=== DATA EXTRACTS ===

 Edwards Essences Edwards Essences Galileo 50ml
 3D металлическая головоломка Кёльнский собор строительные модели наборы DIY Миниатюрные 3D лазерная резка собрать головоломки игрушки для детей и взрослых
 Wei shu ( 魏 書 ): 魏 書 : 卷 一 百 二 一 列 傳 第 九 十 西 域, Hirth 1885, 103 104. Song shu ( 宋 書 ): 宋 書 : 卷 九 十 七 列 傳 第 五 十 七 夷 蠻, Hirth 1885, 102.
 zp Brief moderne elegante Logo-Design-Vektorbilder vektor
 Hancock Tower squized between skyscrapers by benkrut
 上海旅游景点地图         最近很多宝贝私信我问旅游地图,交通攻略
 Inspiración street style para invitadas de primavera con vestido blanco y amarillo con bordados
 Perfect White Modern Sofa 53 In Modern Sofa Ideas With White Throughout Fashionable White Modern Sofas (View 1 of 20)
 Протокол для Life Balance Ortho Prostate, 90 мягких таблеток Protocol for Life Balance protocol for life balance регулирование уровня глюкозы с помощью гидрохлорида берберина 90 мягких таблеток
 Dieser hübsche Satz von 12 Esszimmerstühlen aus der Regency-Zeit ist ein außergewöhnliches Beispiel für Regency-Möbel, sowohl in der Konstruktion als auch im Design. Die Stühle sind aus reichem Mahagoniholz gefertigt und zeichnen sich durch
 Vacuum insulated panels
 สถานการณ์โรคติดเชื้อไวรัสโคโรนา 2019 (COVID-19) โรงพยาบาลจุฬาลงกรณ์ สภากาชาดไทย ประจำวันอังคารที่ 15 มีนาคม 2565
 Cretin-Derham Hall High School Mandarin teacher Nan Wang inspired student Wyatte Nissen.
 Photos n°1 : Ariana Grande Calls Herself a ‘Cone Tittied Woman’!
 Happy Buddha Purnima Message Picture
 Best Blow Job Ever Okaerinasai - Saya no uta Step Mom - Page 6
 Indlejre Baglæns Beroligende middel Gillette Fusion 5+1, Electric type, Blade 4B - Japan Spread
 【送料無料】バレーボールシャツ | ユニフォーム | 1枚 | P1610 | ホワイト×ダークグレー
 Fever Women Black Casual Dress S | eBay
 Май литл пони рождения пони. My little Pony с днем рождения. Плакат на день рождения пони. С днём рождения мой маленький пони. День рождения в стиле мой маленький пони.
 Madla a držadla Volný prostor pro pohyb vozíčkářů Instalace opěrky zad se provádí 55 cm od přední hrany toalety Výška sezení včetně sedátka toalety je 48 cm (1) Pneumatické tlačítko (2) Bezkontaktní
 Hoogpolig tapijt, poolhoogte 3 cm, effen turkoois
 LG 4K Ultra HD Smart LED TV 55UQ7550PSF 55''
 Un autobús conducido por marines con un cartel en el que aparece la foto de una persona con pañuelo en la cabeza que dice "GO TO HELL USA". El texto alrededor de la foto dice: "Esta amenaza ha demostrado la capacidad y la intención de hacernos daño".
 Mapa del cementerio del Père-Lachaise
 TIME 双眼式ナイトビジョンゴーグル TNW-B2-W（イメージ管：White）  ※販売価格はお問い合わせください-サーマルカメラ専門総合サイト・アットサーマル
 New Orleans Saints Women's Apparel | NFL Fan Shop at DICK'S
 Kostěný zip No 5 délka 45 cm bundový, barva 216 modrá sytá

===

- TASK DESCRIPTION
Copy down each line in the entries that has the word "White".

- ANSWER TO THE EXERCISE
 Perfect White Modern Sofa 53 In Modern Sofa Ideas With White Throughout Fashionable White Modern Sofas (View 1 of 20)
 TIME 双眼式ナイトビジョンゴーグル TNW-B2-W（イメージ管：White）  ※販売価格はお問い合わせください-サーマルカメラ専門総合サイト・アットサーマル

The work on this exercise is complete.